上QQ阅读APP看书,第一时间看更新
Getting the dataset
Datasets can be obtained from different sources. The ones important for us are:
- Classical datasets such as Iris (botanical measurements of flowers composed by R. Fisher in 1936), MNIST (60,000 handwritten digits published in 1998), Titanic (personal information of Titanic passengers from Encyclopedia Titanica and other sources), and others. Many classical datasets are available as part of Python and R ML packages. They represent some classical types of ML tasks and are useful for demonstrations of algorithms. Meanwhile, there is no similar library for Swift. Implementation of such a library would be straightforward and is a low-hanging fruit for anyone who wants to get some stars on GitHub.
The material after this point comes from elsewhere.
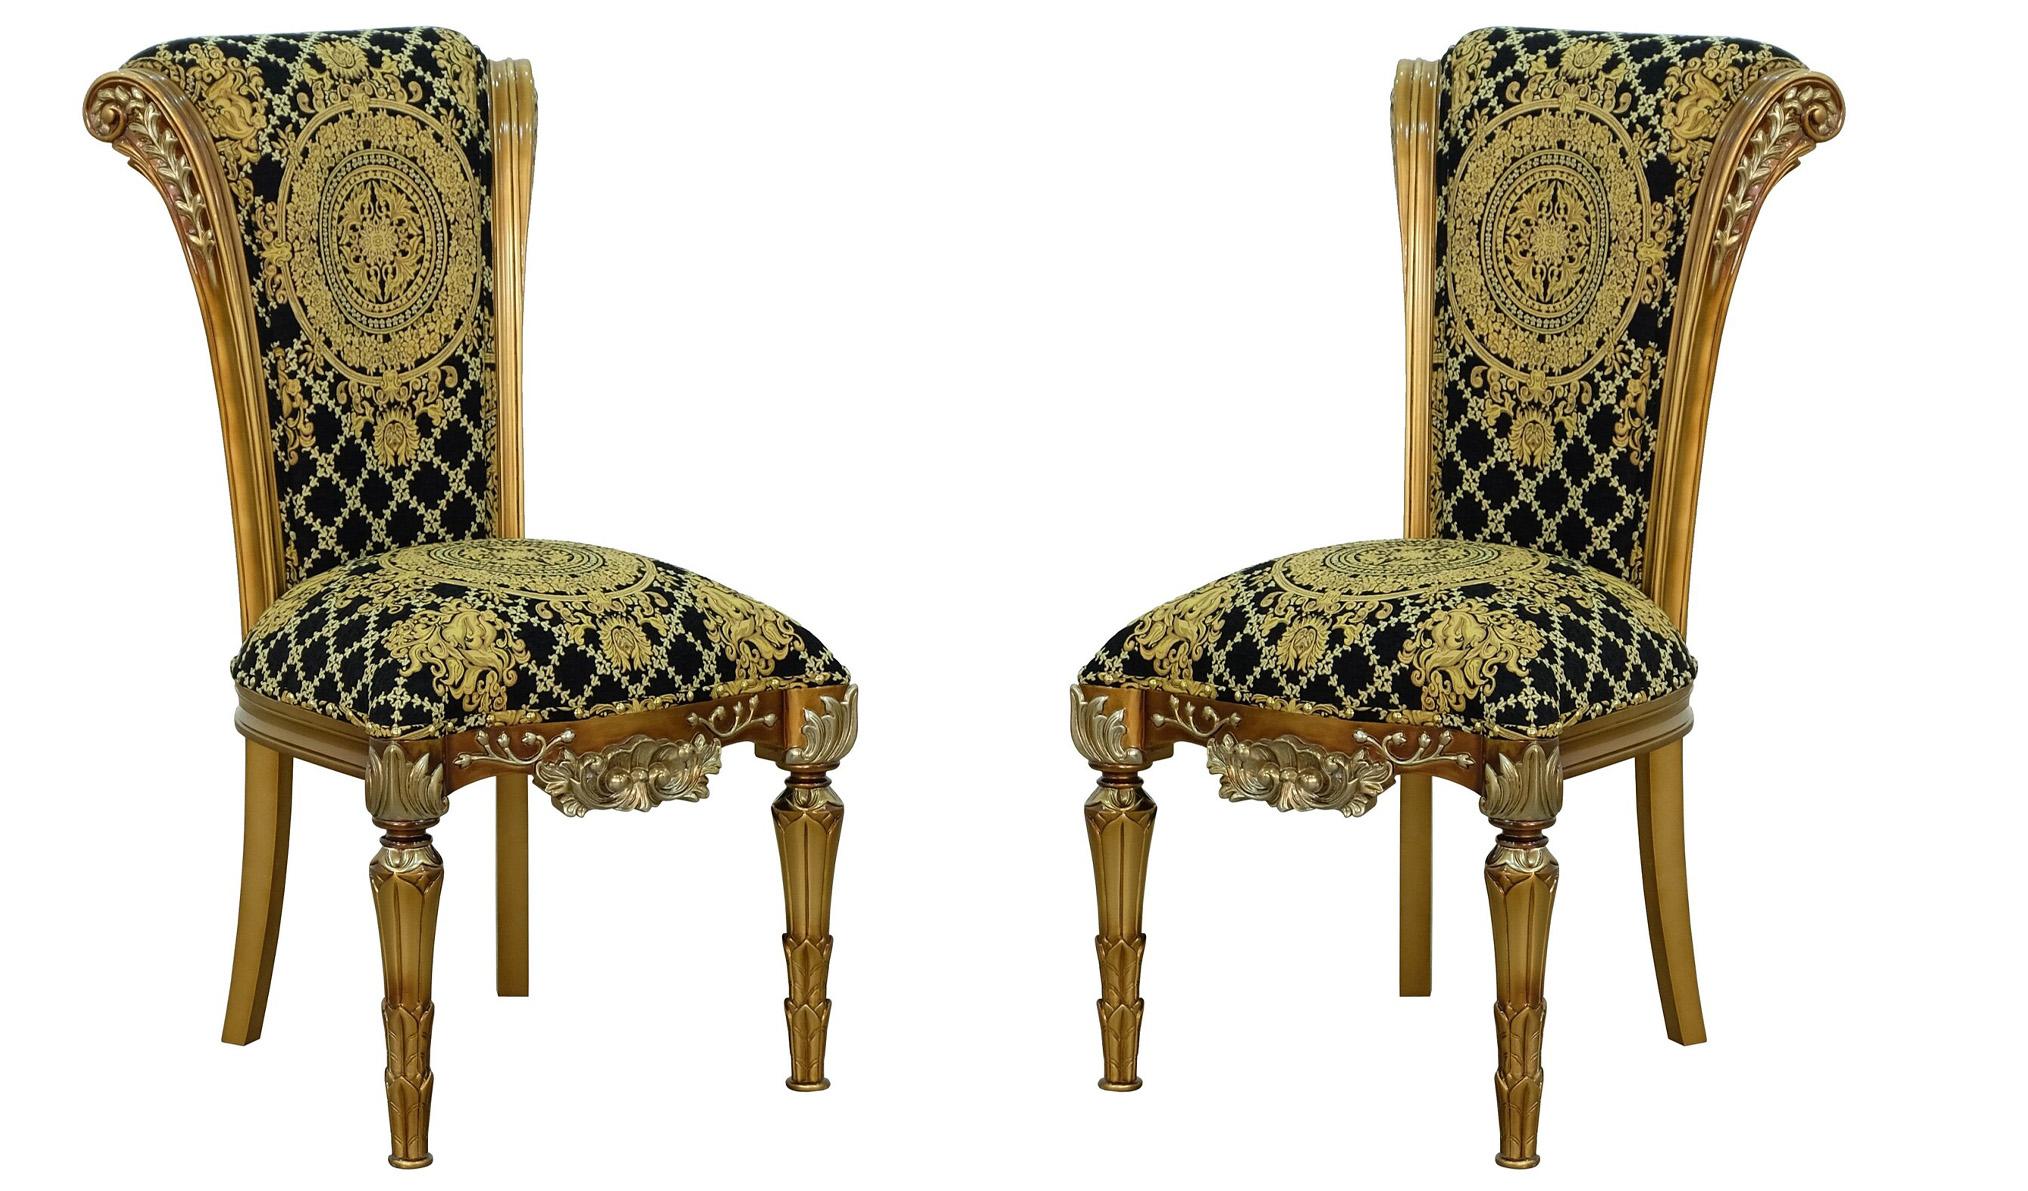 Classic, Traditional Dining Chair Set VALENTINA 61958-SC-Set-2 in Ebony, Gold, Bronze, Black Fabric

- Open and commercial dataset repositories. Many institutions release their data for everyone's needs under different licenses. You can use such data for training production models or while collecting your own dataset.
Some public dataset repositories include:
-
The UCI ML repository: https://archive.ics.uci.edu/ml/datasets.html
Kaggle datasets: https://www.kaggle.com/datasets
data.world, a social network for dataset sharing: https://data.world
To find more, visit the list of repositories at KDnuggets: http://www.kdnuggets.com/datasets/index.html. Alternatively, you'll find a list of datasets at Wikipedia: https://en.wikipedia.org/wiki/List_of_datasets_for_machine_learning_research.
- Data collection (acquisition) is required if no existing data can help you to solve your problem. This approach can be costly both in resources and time if you have to collect the data ad hoc; however, in many cases, you have data as a byproduct of some other process, and you can compose your dataset by extracting useful information from the data. For example, text corpuses can be composed by crawling Wikipedia or news sites. iOS automatically collects some useful data. HealthKit is a unified database of users' health measurements. Core Motion allows getting historical data on user's motion activities. The ResearchKit framework provides standardized routines to assess the user's health conditions. The CareKit framework standardizes the polls. Also, in some cases, useful information can be obtained from app log mining.
- In many cases, to collect data is not enough, as raw data doesn't suit many ML tasks well. So, the next step after data collection is data labeling. For example, you have collected dataset of images, so now you have to attach a label to each of them: to which category does this image belong? This can be done manually (often at expense), automatically (sometimes impossible), or semi-automatically. Manual labeling can be scaled by means of crowdsourcing platforms, like Amazon Mechanical Turk.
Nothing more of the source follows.